The Freiburg Project
Chapter 11

Copyright© 2007 by Robin Pentecost

Mystery Sex Story: Chapter 11 - A young, successful architect, who lives in a nudist village in the south of France, pulls her life together after her husband's suicide. She wins a major project and things begin to happen. (Mystery/Thriller, no explicit sex)

Caution: This Mystery Sex Story contains strong sexual content, including Romantic  

She took the TGV to Montpellier. It was her habit, after a long trip, to ride first class, at least on the train. The quiet helped her relax and, in the greater space, she could do some work. Today as the train slid from the Gare de Lyon through the southern suburbs gathering speed, Helen wrote up a report on her laptop and settled into her chair.

After Theo's death, Helen had left Stuttgart and moved to Paris, continuing to work for the same architectural firm, expanding her experience in designing and building recreational spaces. She found an attractive apartment in the Sixième that had the glassy studio style famous from the days of starving artists in the 19th and early 20th centuries. In these days, such a 'garret' studio was only affordable by people with substantial incomes, like hers, and was rarely even available in the better parts of town. She loved the apartment's fin-de-siècle atmosphere and didn't mind the cost. When she went on her own, it was a decision she made with care and never regretted.

Paris had been good to her in many ways. She had lived there as a girl, gone to school there until her family's travels took her to Germany and the university. It had been a secure place to return after the shock of tragedy. She found new friends, one or two casual lovers like René. Her friendship and fond (she could not admit to the word 'loving') connection with Johannes was a somewhat different matter, though not enough so to affect her unwillingness to enter what she called a "relationship".

The episode in Geneva was still with her. Johannes had been a good friend and a rewarding lover since she had left the life whose end she was still trying to forget. After Rummy Harms, he was the most reliable, the most understanding and sensitive man she had known through those years of reconstruction. The night with René had just been an opportunity to bank the fires that had gone unslaked during the days in Geneva and London.

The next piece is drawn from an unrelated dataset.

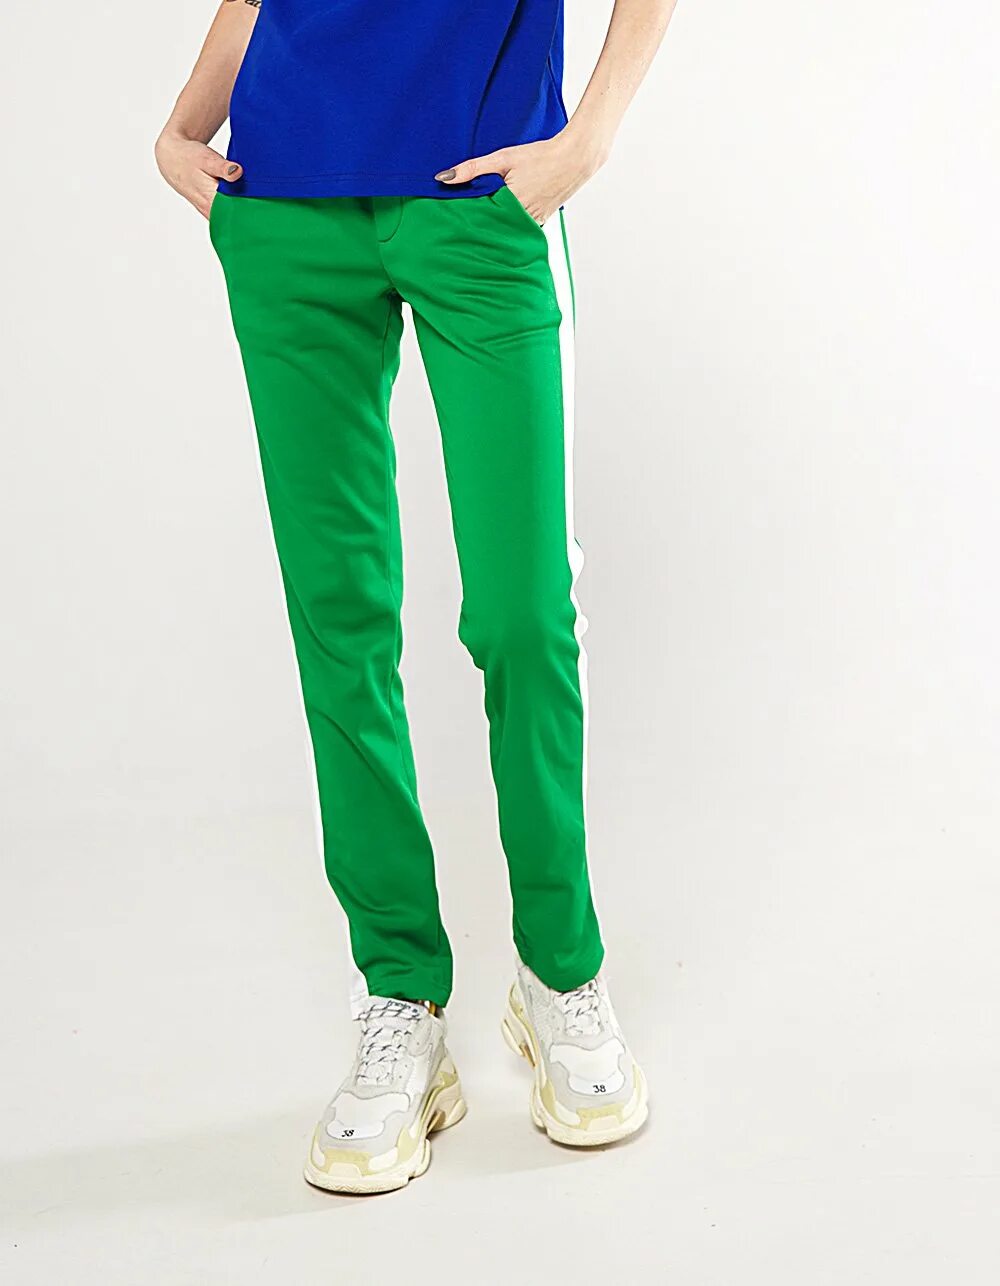 Неоновые штаны зеленые карго. Machine 56 зелёные штаны. Зелёные штаны женские. Салатовые брюки.

But, as she considered it all, she thought, too, of Johannes, and shivered. 'I may have to think more about this, ' she said to herself, more aware now of the dangers of modern sexual adventurism. 'René may be a thing of the past, condoms notwithstanding.'

As her depression and shock over Theo's death had eased, Helen had thrown herself into her work, gaining additional recognition for her imagination and creative approach, where she had always been known for attention to detail and precision execution. Once she had gone on her own as an architectural consultant, she was able to push for larger roles with previous clients and to advance her creative abilities.

Her partnership with Rummy Harms had enabled her to branch out into project management, as well as creation, building the projects she designed. But her growth was also due to a certain deeper understanding and empathy that she was able to achieve with her clients and express in her work that her position in a larger firm had not permitted. Her recent success in Geneva was another confirmation of her negotiating skills, as well as of her design creativity.

Recreational spaces, she knew, are more than places to play. They must include places for privacy, meditation, where possible for an interplay with nature, and many other aspects of design. And somehow she was able to see and reach for these opportunities amid the myriad technical details of designing and constructing a building.

Even as she built her reputation she found time for introspection she had not taken advantage of in her earlier life. Her long walks on the beach were a part of that, as was her tendency to use travel as a meditative opportunity. She was not a person for whom despair or depression held any attraction. She looked for ways to consider her life and they helped her begin to find a kind of peace, or at least, a cessation of the inner emotional hostilities that had nearly overwhelmed her after Theo's death. Nevertheless, she had made a basic decision: never again a relationship on which she depended as she had on Theo.

As the train flew south through the countryside, Helen watched the scenery at the middle distance, beyond the blur of the track-side buildings and structures too close to see at speed.